This is a guest blog from Will Schmidt, Head of Marketing for the Cause & Purpose podcast. Alongside host Mike Spear, these two former Classy veterans are sharing social impact leaders’ stories, successes, failures, and lessons learned from a life spent solving the world’s most important social challenges. Follow them on Spotify for new episodes that launch every two weeks.

Giving Tuesday 2022 was the single biggest day for donor acquisition of the year across all cause areas. Further, Classy processed $44,168,979 in donations on Giving Tuesday last year, setting an all-time record. 

These statistics are especially relevant given the recent economic uncertainty and the impact many thought it would have on donors’ willingness to give. As we look toward Giving Tuesday, many are filled with excitement for yet another impactful day of giving. 

The Cause & Purpose podcast hosted an exclusive interview with Woodrow Rosenbaum, Chief Data Officer at GivingTuesday, who showed us that we do, in fact, have a lot to be excited about. What’s more, he shared some deep insights, data points, tips, tactics, and strategies to help your nonprofit organization

Below, we dissect some of his key learnings. While they’re all immediately relevant for Giving Tuesday, they’re also applicable for any other day of the year. 

1. Let Supporters Be Part of the Solution     

When Giving Tuesday was created, it wasn’t branded with the originating organization. This was highly unusual, but it allowed anyone to make Giving Tuesday their own. That, in turn, led to an environment built on co-creation, peer learning, and community from day one. 

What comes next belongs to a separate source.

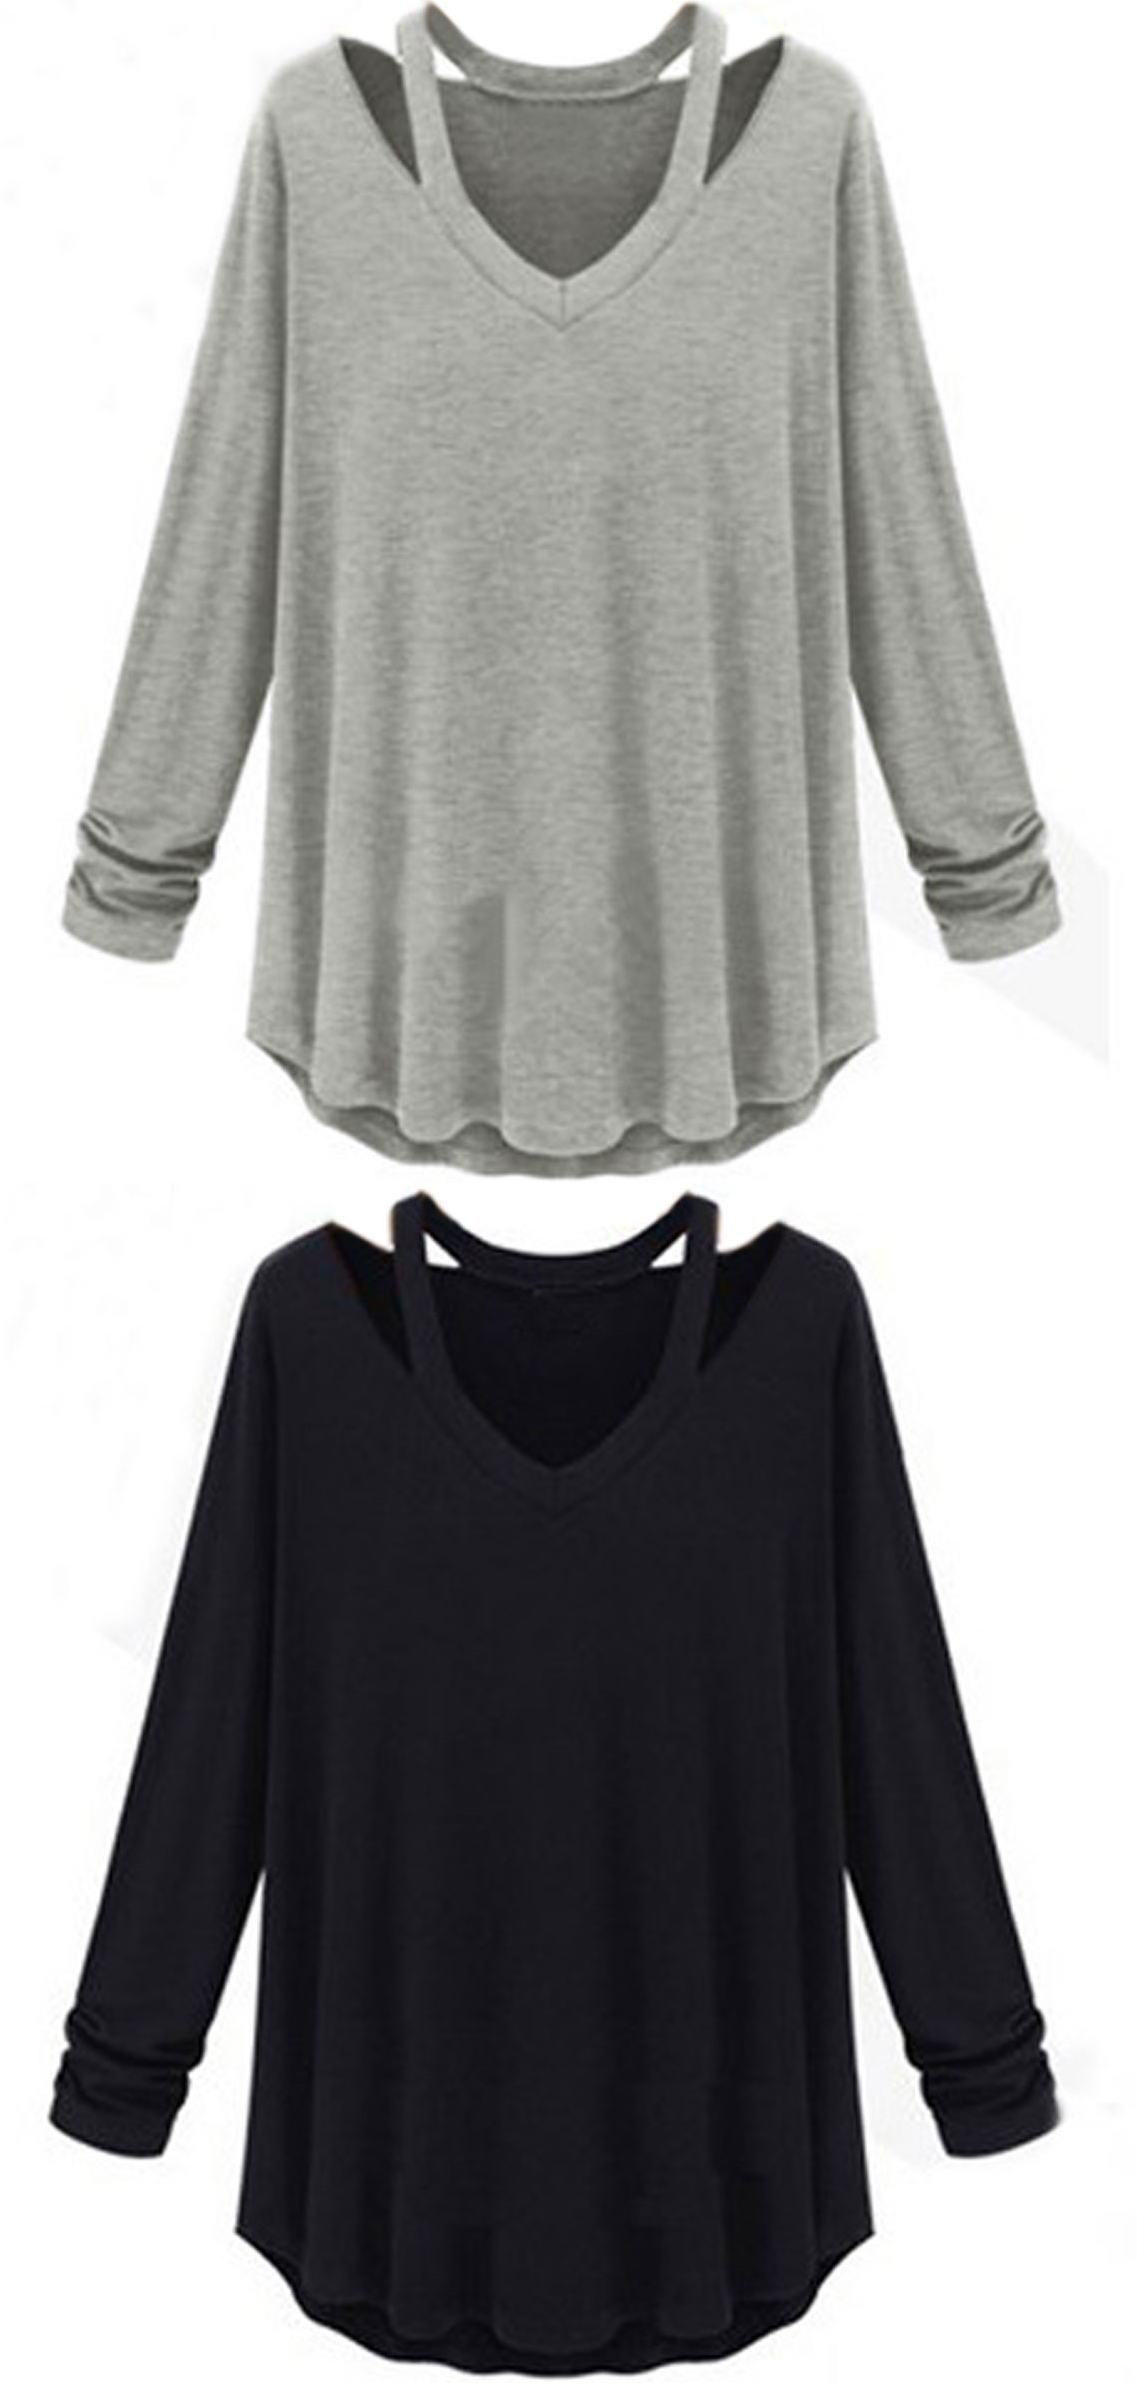 4dda5a053a4 Women Long Sleeve V Neck Off Shoulder Loose T-shirt | NC Women's ...

There’s value in getting a lot of people on your mission who aren’t on your payroll. The more you can provide an opportunity for distributed support, for open-source platforms that have your mission at their heart, the more you can tap into the power of the crowd to build the impact you want to have.

W. Rosenbaum

Chief Data Officer at Giving Tuesday

This stands true for GivingTuesday the organization, but equally so for your nonprofit. Look no further than the creative branding organizations have put on the standard Giving Tuesday logo or the inspiring fundraising campaigns they’ve created.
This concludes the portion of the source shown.